Menurut Gubernur, seringnya listrik padam karena belum tersambungnya jaringan listrik dari kapal pusat listrik tenaga gas terapung berkapasitas 120 MW, Karadeniz Powership Irem Sultan. “Semula dijanjikan sebelum Natal, kemudian tahun baru, namun hingga saat ini belum tersambung. Kini PLN memastikan tanggal 23 bulan ini (23 Januari 2016) sudah tersambung dan dipastikan hingga 5 tahun ke depan tidak akan ada pemadaman listrik di Sulut,” kata Sumarsono.

Diketahui, dalam konfrensi pers pada pertengahan Desember tahun 2015, GM PLN Suluttenggo, Baringin Nababan meyakinkan bahwa jaringan listrik di daratan sudah siap, sehingga begitu kapal listrik tiba, tinggal mencolok kabel. “Pembangunan jaringan sudah selesai, begitu kapal tiba, tinggal mencolokan,” Nababan menjawab pertanyaan wartawan tentang kepastian beroperasinya kapal pusat listrik tenaga gas terapung berkapasitas 120 MW, Karadeniz Powership Irem Sultan.

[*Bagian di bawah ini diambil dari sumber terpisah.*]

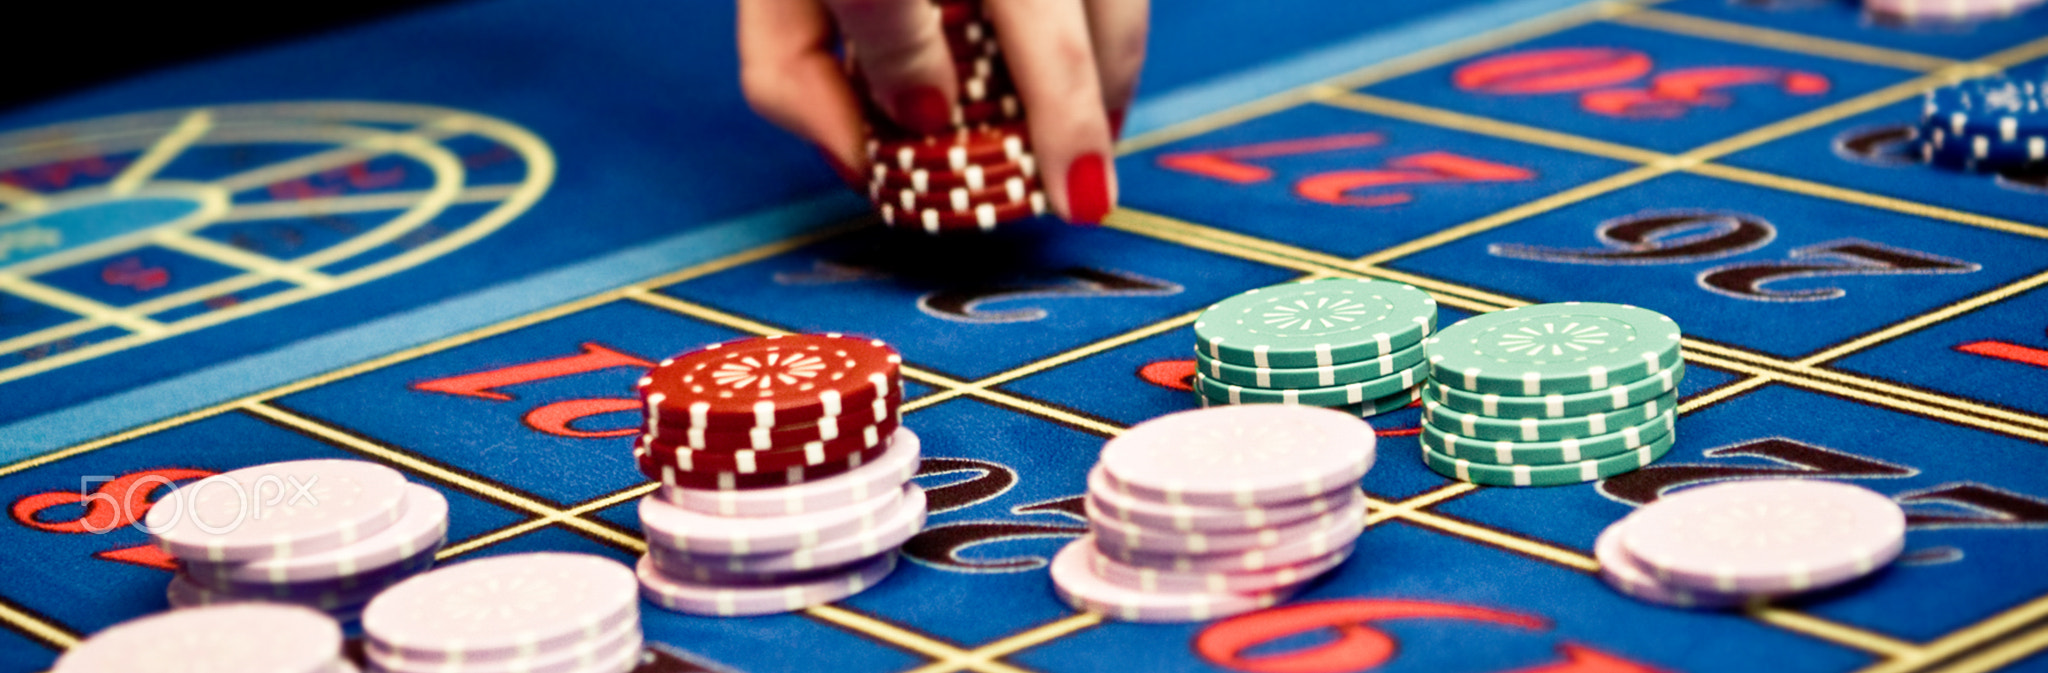 Betting and playing roulette in casino, gambling ad

Namun pada kenyataannya, PLN masih menyelesaikan pembangunan jaringan untuk menghubungkan dengan pembangkit di kapal hingga beberapa minggu setelah kapal bersandar.

PLN dimintakan segera menyelesaikan masalah listrik karena pemadaman yang terus terjadi belakang ini telah membuat masyarakat Sulut menjadi apatis karena para pelanggan sudah membayar dengan mahal akibat kenaikan tarif dasar listrik namun pelayanan tidak seiring dengan peningkatan pelayanan.

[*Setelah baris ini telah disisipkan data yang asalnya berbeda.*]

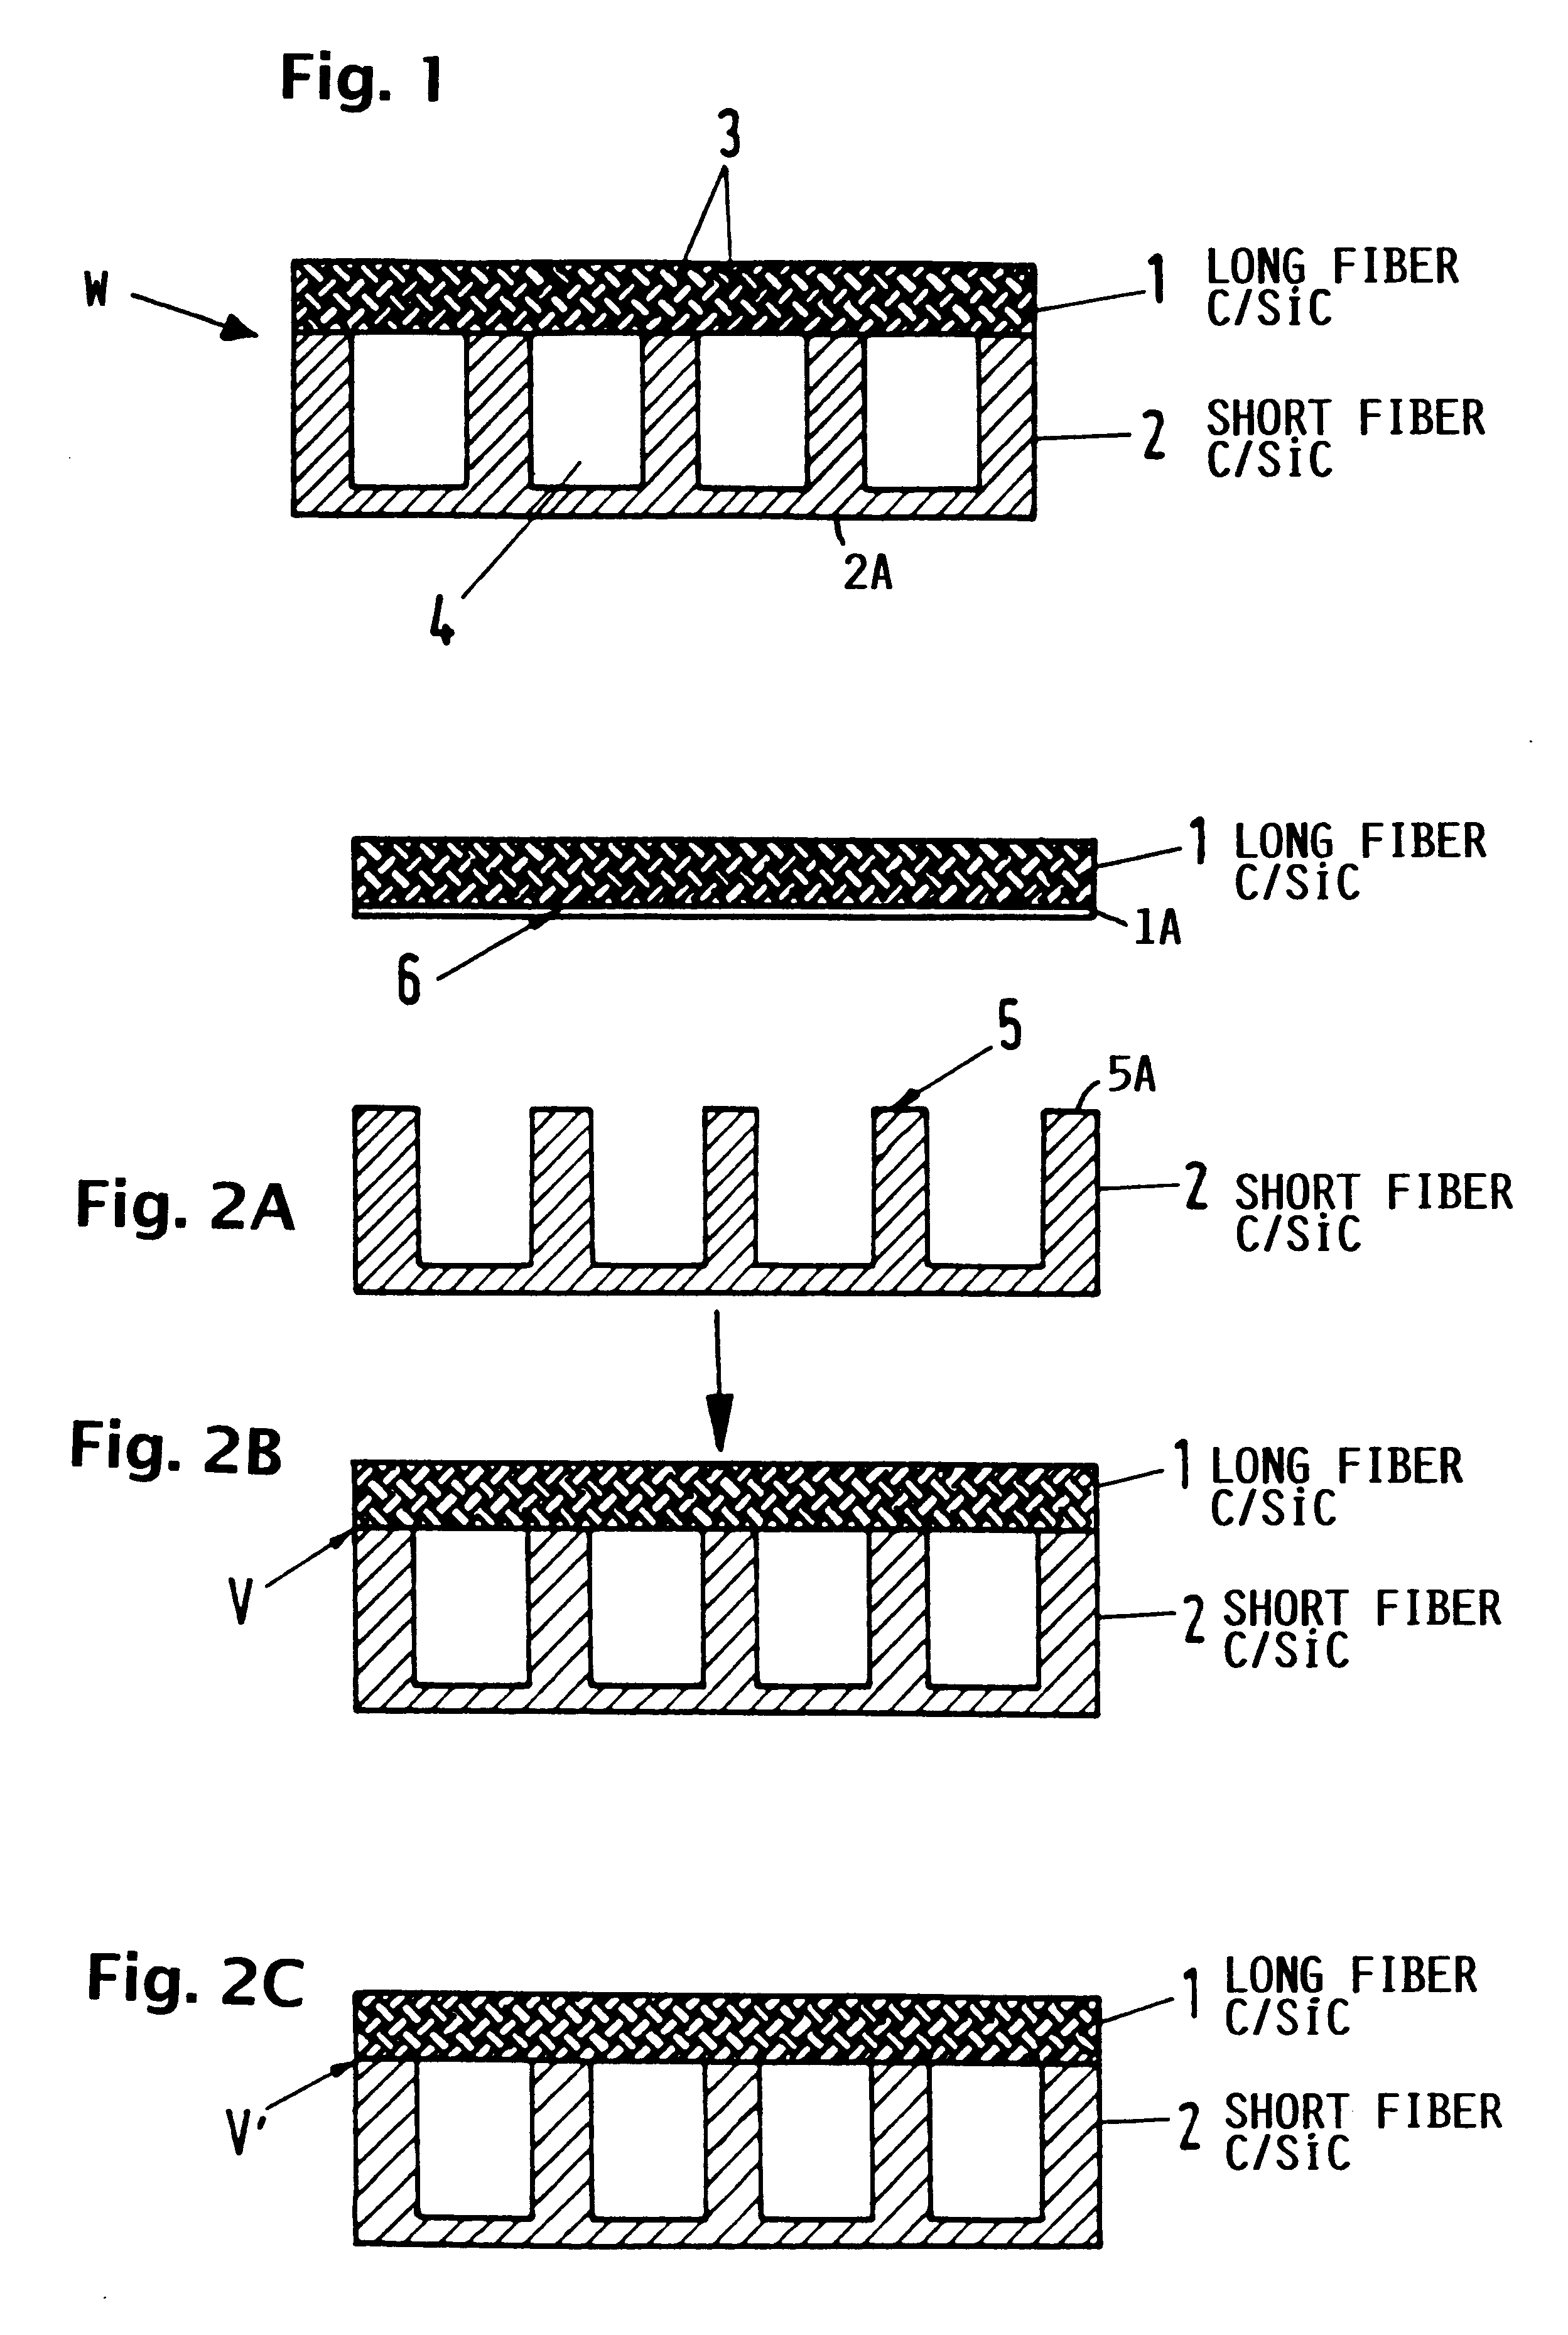 Combustion chamber wall construction for high power engines and thrust nozzles

Syeni Momongan, pelaku usaha kecil mengaku sudah pasrah dengan perilaku PLN. Menurutnya, beberapa alat pendingin makanan miliknya rusak akibat seringnya terjadi pemaaman listrik. ”PLN membahayakan hidup orang banyak, ini bisa menyulut kemarahan masyarakat meski dipendam usaha kecil seperti kami, perlahan membunuh UKM jika tak juga ada perbaikan pelayanan” ungkapnya.

Yance Umbas, warga Minahasa, menganggap perilaku PLN ini sudah hal yang biasa bahkan menurutnya sudah 2 alat elektronik miliknya rusak akibat pemadaman listrik. ”Tv saya rusak gara-gara PLN, ya tapi kita cuma rakyat kecil ini gak didengarnya,” keluh Yance.